Yes, this accords with my understanding of the system.  There are a couple of ways of looking at it but the "larger final exit tax bill" is possible but unlikely from what I can see.  The problem is that while the nominal value of the tax take will be more or less the same, the _present value_ of the take increases considerably which damages your returns and the longer the investment period the more the damage.

Hi capall.


			
				capall said:
			
		

> Your calculations and assumptions are a bit off the wall.


Is "off the wall" the same as wrong or incorrect?  If so which of the three stated assumptions are incorrect?

If one or more of them is incorrect, then of course my calculations will be wrong.  However, I'm pretty confident in my abilities to translate assumptions like the above into Excel models.  And I'm pretty confident that the figures I gave above are correct given these assumptions.

To be honest, the history of our tax system is of marginal interest.  Like most savers, my interest is in maximising my returns given the current tax rules.  I want to ensure my assumptions are correct so I can make rational choices, hence my interest in your "off the wall" judgement.


----------



## F. Kruger (8 Aug 2007)

I received an updated Quotations Disc from one of the Life Companies this morning which 'reflect these legistlative changes' i.e. deemed disposal.

I compared, on a like for like basis, an investment of €100K on the old and new quotation software.

Projected values at 6% after payment of tax for years 1 and 5 are identical.

At year 10 there is a difference in values of €752 in favour of the old regime  and at year 20 the difference is €7,541.

Remember, this is just one companies software. When I receive other discs I will do a similar comparison.

It looks like a B&B every 8 years may be in order.


----------



## jpd (8 Aug 2007)

The following example shows how the tax is calculated and the effect on a subsequent encashment

Investment €10,000 on 01/01/2002
No encashments before 01/01/2010 (8th anniversary)
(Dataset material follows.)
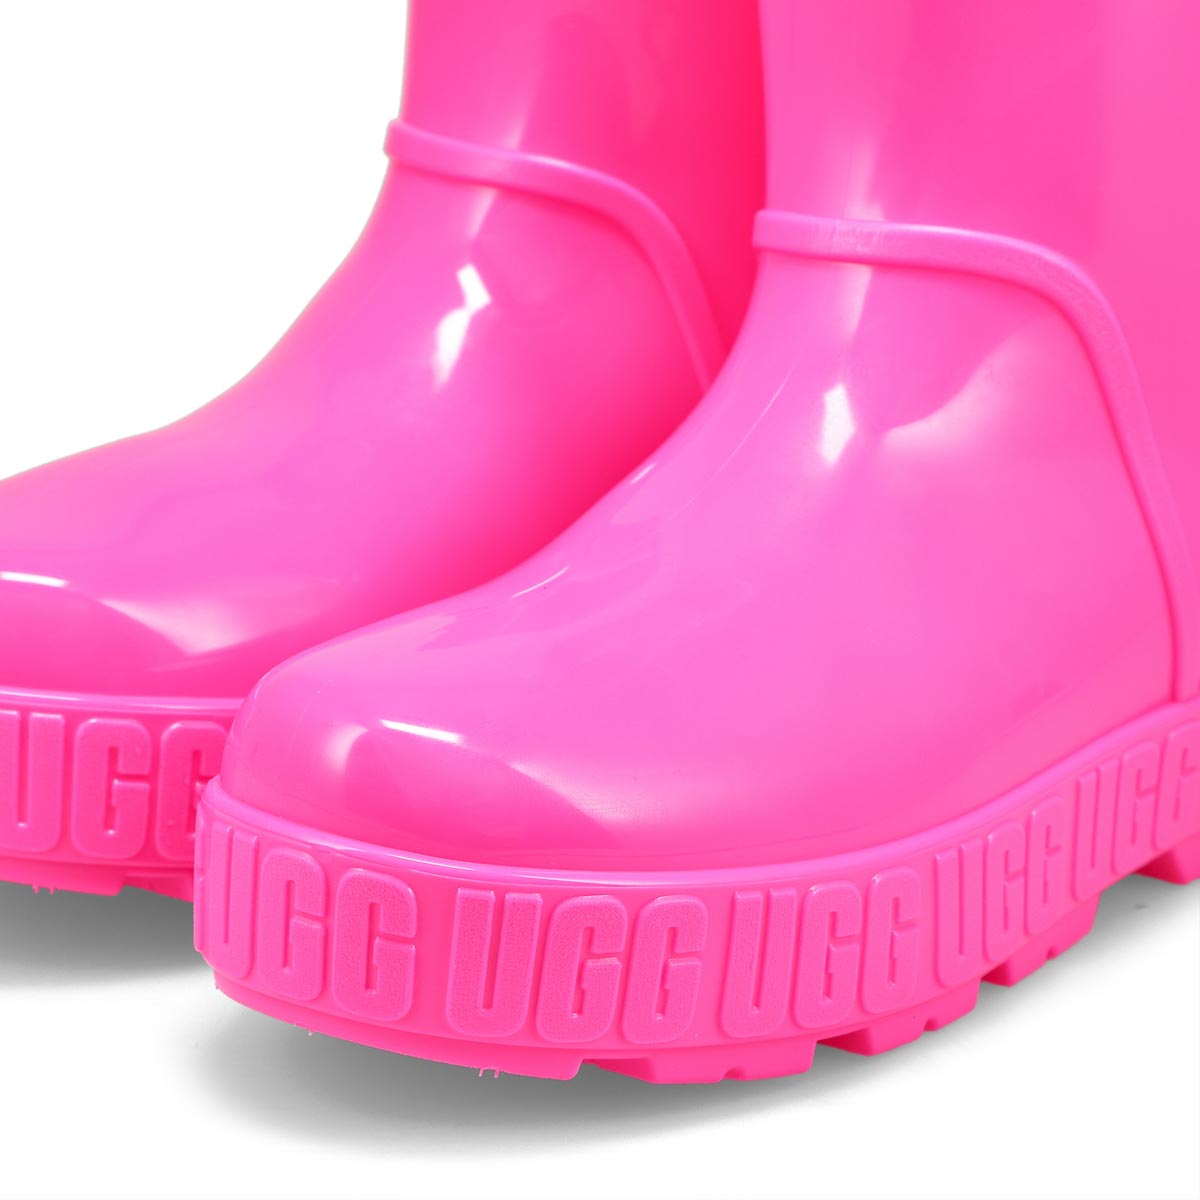 Women's Drizlita Rain Boot - Taffy Pink
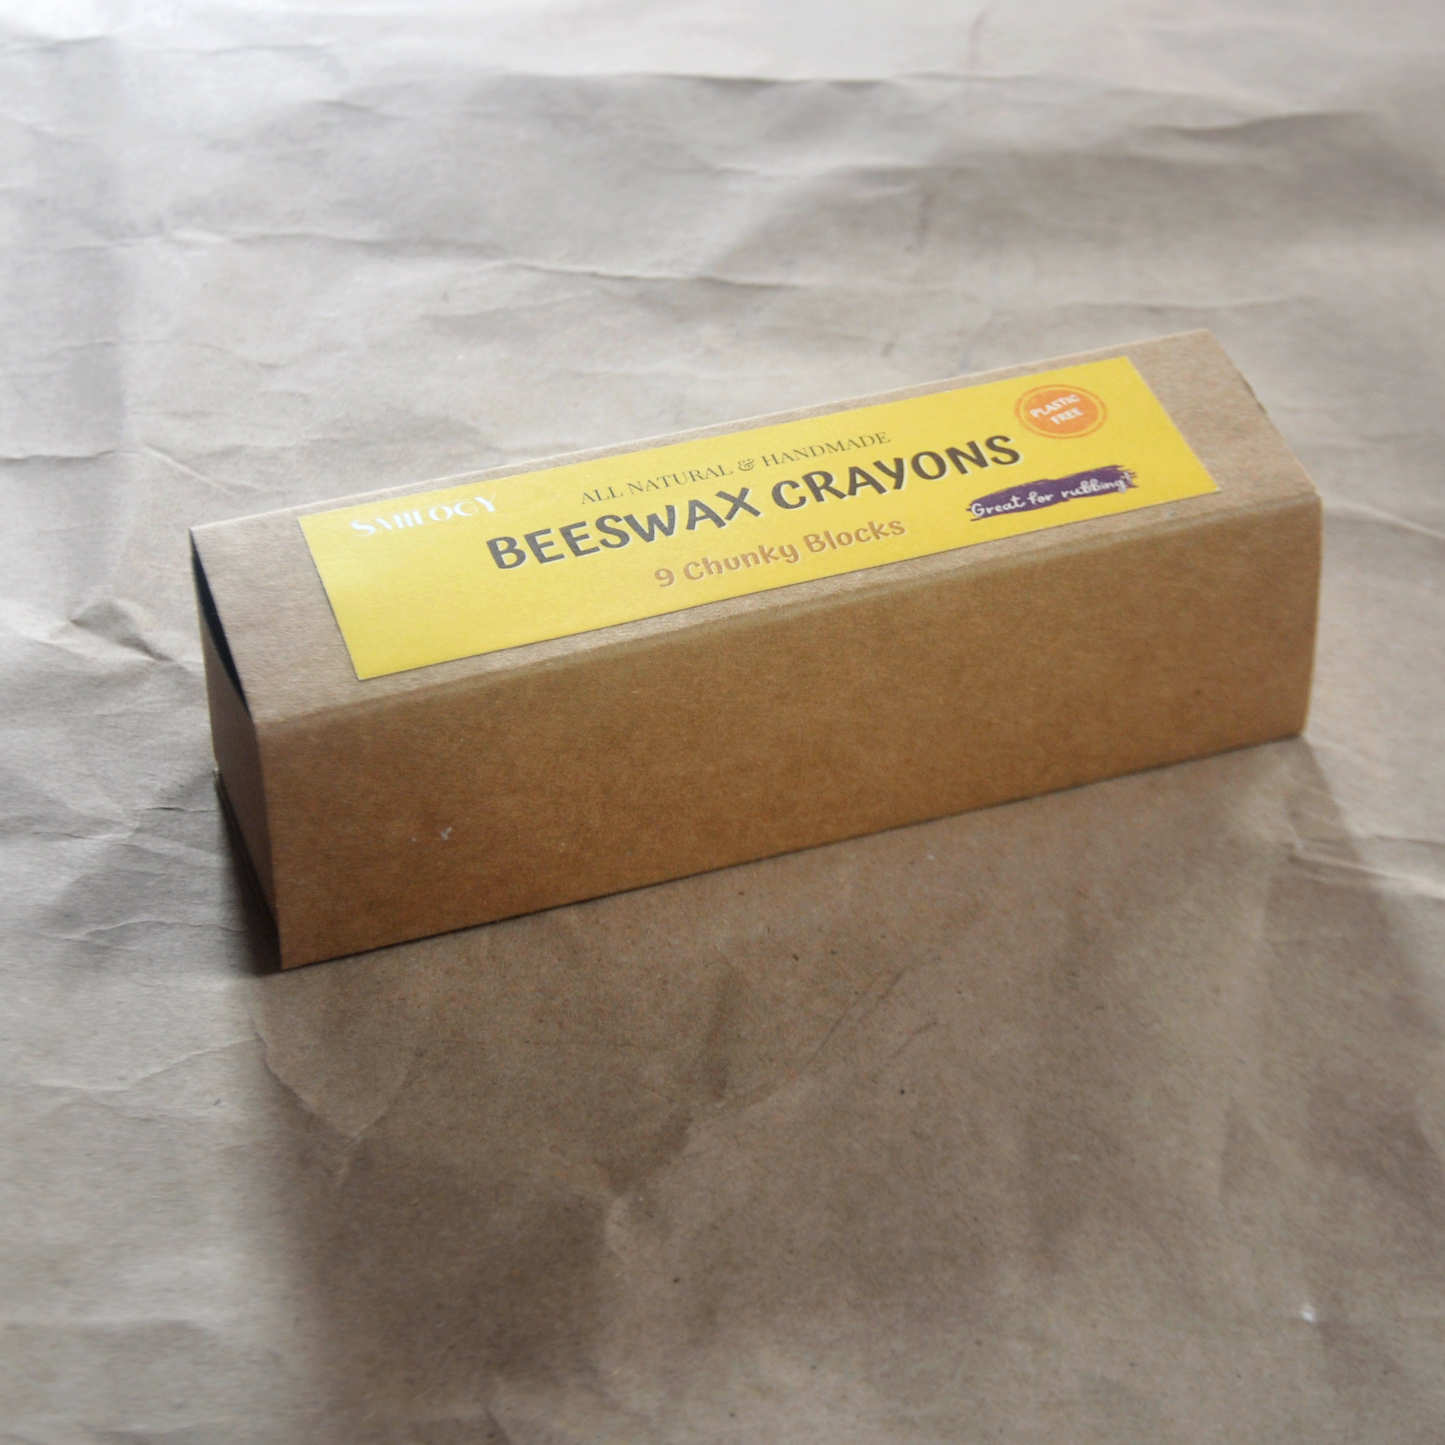 organic beeswax block crayons for rubbing. Closed box

Policy value at 01/01/20010 € 18,000
Deemed enchashment with gain of € 8,000
Tax due at 23% = €1,840 is deducted from fund and paid to revenue.

Full encashment of fund on 01/01/2012
Fund value €22,000

First fund value is increased by previous tax deducted = €23,840
Gain = €13,840
Tax at 23%= €3,183
less tax already paid -€1,840
gives tax due on full encashment = €1,343

As you can see this is going to be quite complicated, especially where there are purchases and sales in the period prior to the 8 years !!!


----------



## capall (8 Aug 2007)

DARAG

Apologies,your analysis isn't off the wall ,I just disagree with the emphasis you are putting on this.

The tax rate is what it is 23% , you can't say the exit tax is 30% based on notional reinvestment of tax paid at a notional return rate of 10%.

This change in the 2006 Act doesn't seem to have raised much of a hue and cry with investors , the main objectors seem to be the fund companies who have had an extra administrative burden  imposed on them.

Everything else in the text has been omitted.